If you’re a librarian and haven’t yet read OCLC’s Reimagine Descriptive Workflows: A Community-informed Agenda for Reparative and Inclusive Descriptive Practice you really need to rectify that as soon as possible. You might be surprised to see me pushing an OCLC report, but I have no doubt that–despite obviously having gone through a few edits to tone it down a little–this report is destined to be an important trigger for libraries in the UK and the settler-colonial states it produced to start doing something–anything! – to fix our metadata and change how we approach resource description in a systematic way.

“But – what should we DO Hugh?”

I’m not a cataloguer, but Alissa McCulloch is, and she has some typically sensible and considered thoughts already, which she shared in Reimagining Australian descriptive workflows: where should we start? She also has this to say:

‘You all need to do something. You’ll fuck it up, and get it wrong, and need to fix things. But the worst thing you can do is to do nothing.’ I can’t remember where I heard Kirsten Thorpe say this—possibly relayed second-hand from someone else. But I think about it a lot. My well-meaning efforts might be misguided, I’ve undoubtedly made mistakes already, and I definitely don’t have all the answers, but at least I can stand up and say that I’m doing something. What will you do?

Let’s get on with it.

In Real Life magazine, M. R. Sauter writes about what we can learn from Sidewalk Labs’ Toronto project, Susan Sontag’s thoughts on photography, and the datafication of everyday life.

Proposed systems like Sidewalk Toronto’s ever-observing KOALA camera risk becoming self-referential and self-sustaining: images and the data derived from images, about images, and for images dominating the social, computational, and global spheres.

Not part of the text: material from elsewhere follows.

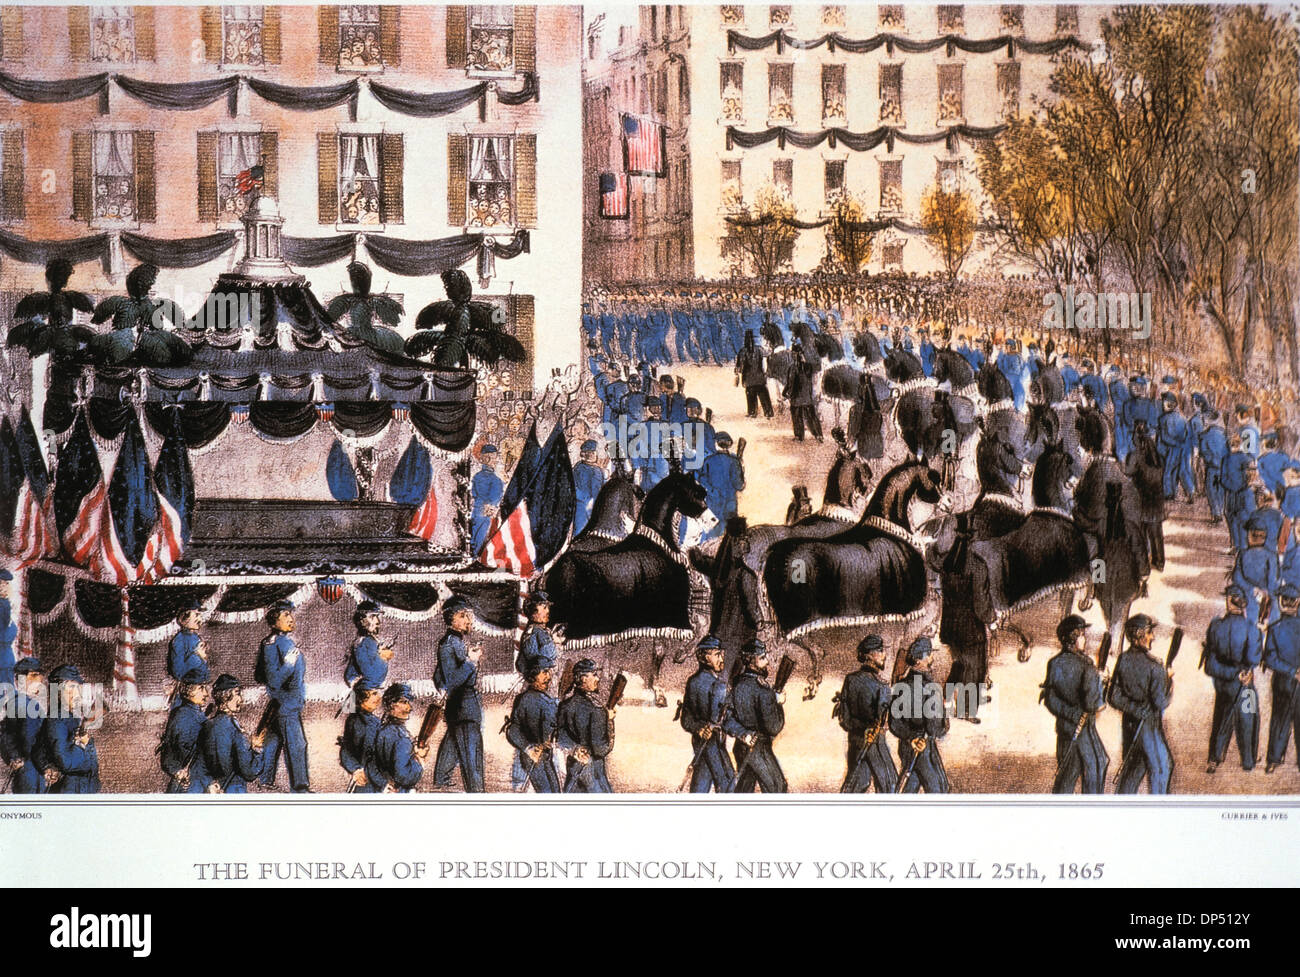 Die Beerdigung von Präsident Lincoln, New York, 25. April 1865, Lithographie, Currier & Ives, 1865 Stockfoto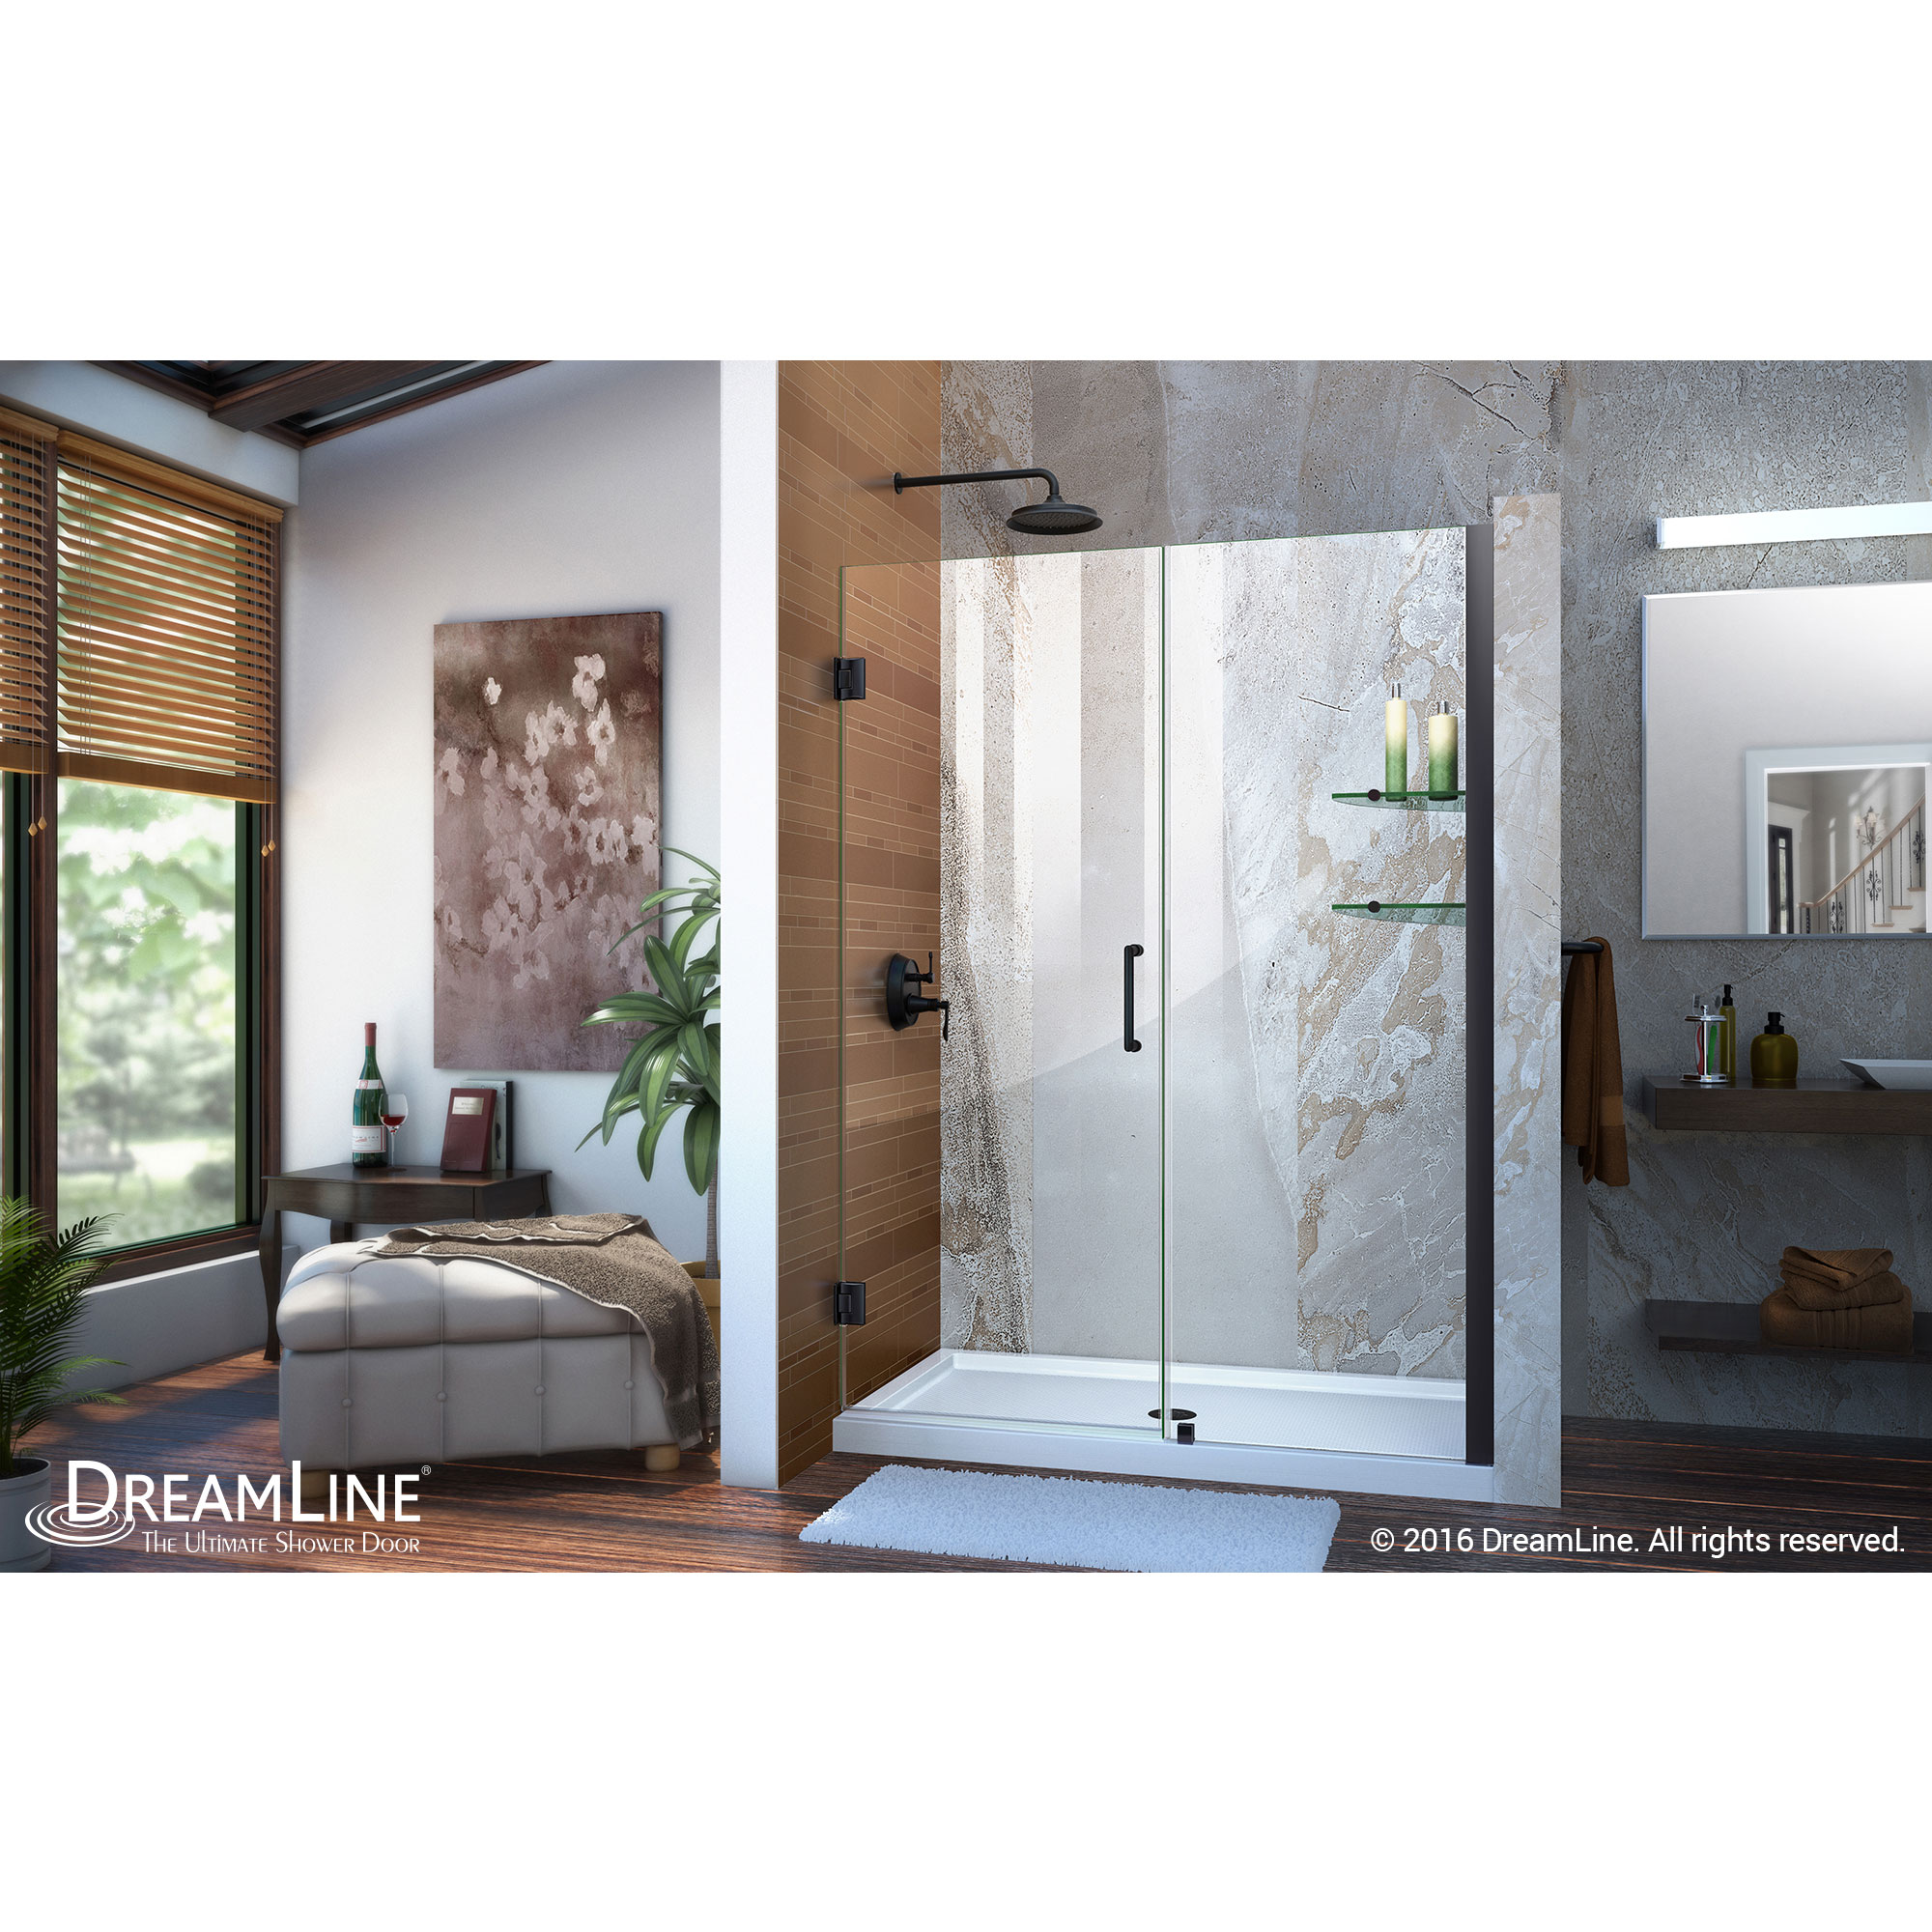 DreamLine Unidoor 47-48 in. W x 72 in. H Frameless Hinged Shower Door with Shelves in Satin Black

Barbara Fister writes for Project Info Lit about how information literacy is taught in US four-year college degrees, and the dangers she sees. In Australia we generally teach 3 year degrees without the ubiquity of the first year curriculum she describes, but many of Fister’s arguments are still relevant outside the States.

When information-seeking is cast as a matter of making personal choices or winning arguments, social responsibility can seem to be in conflict with self-interest (which, in late capitalism, has become the definition of “freedom”). That conflict is ripe for exploitation and in-group/out-group antagonism.

She also has important things to say about how we teach and manage search systems.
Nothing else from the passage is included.